Only a few short weeks and we're taking measurements and finding a
winner!

This week, I want you to calculate all of your points from the start
until now and put them in a new post in your thread. So, if you have
workouts that haven't been counted, be sure to post those so you get
credit! The game is NOT over, so keep tallying!
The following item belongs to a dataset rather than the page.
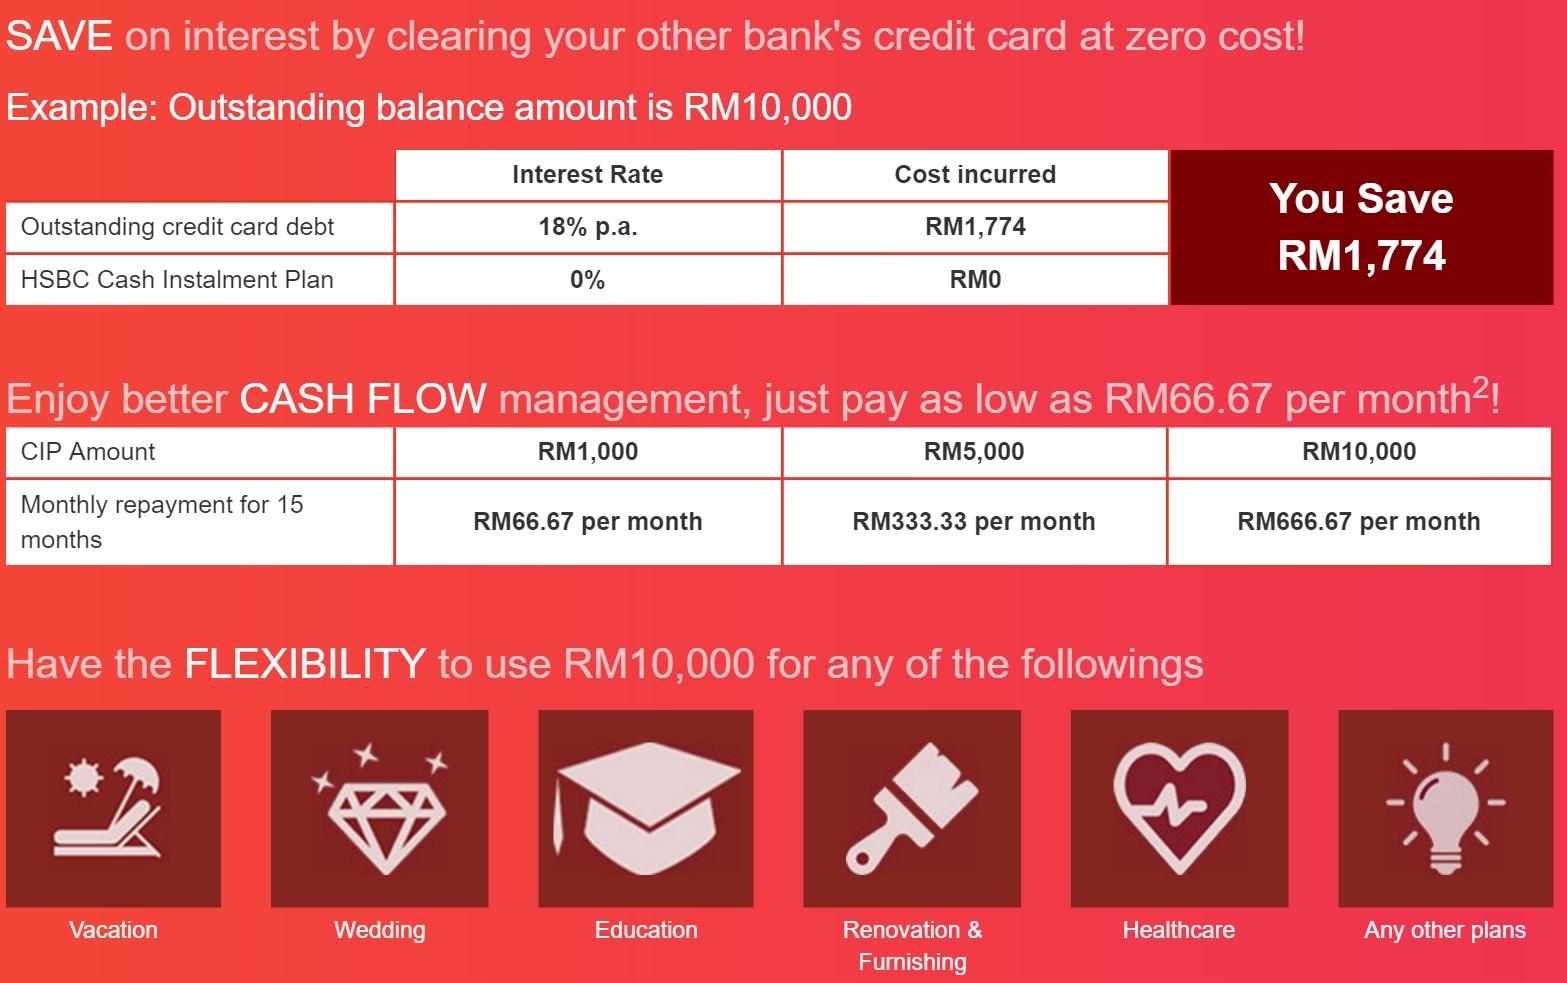 how to make cash advance on hsbc credit card

This week is going to be centered around cardio. Most of us either
love it or hate it. Chime in and let me know how you feel about this
workout! I want you do do it at least once this week, and get in a
minimum of 30 minutes of cardio EVERY DAY. Yes...all 7.

For this you either need a treadmill, an elliptical, or a place to run
outside. I am going to use the RPE (rate of perceived exertion) Scale
of 1-10 to indicate the effort that you should be putting into each
phase.

*Warm up walk 2 min
*Jog 5 min. (RPE: 5)
*Jog 5 min. (RPE: 7)
30 Squats with a Kick (Squat low then kick your right leg forward as
you stand. Squat and repeat with left leg.)
*Fast Walk 3 min (RPE:6)
*Jog 4 min (RPE: 7)
*30 Squats with a Punch (Squat. As you stand up punch quick right then
left. Drop back for another squat.)

If you're going for an hour (which you should try to do) repeat this
through 2x.
Finish up with abs of your choice and a good stretch.

Have fun, ladies!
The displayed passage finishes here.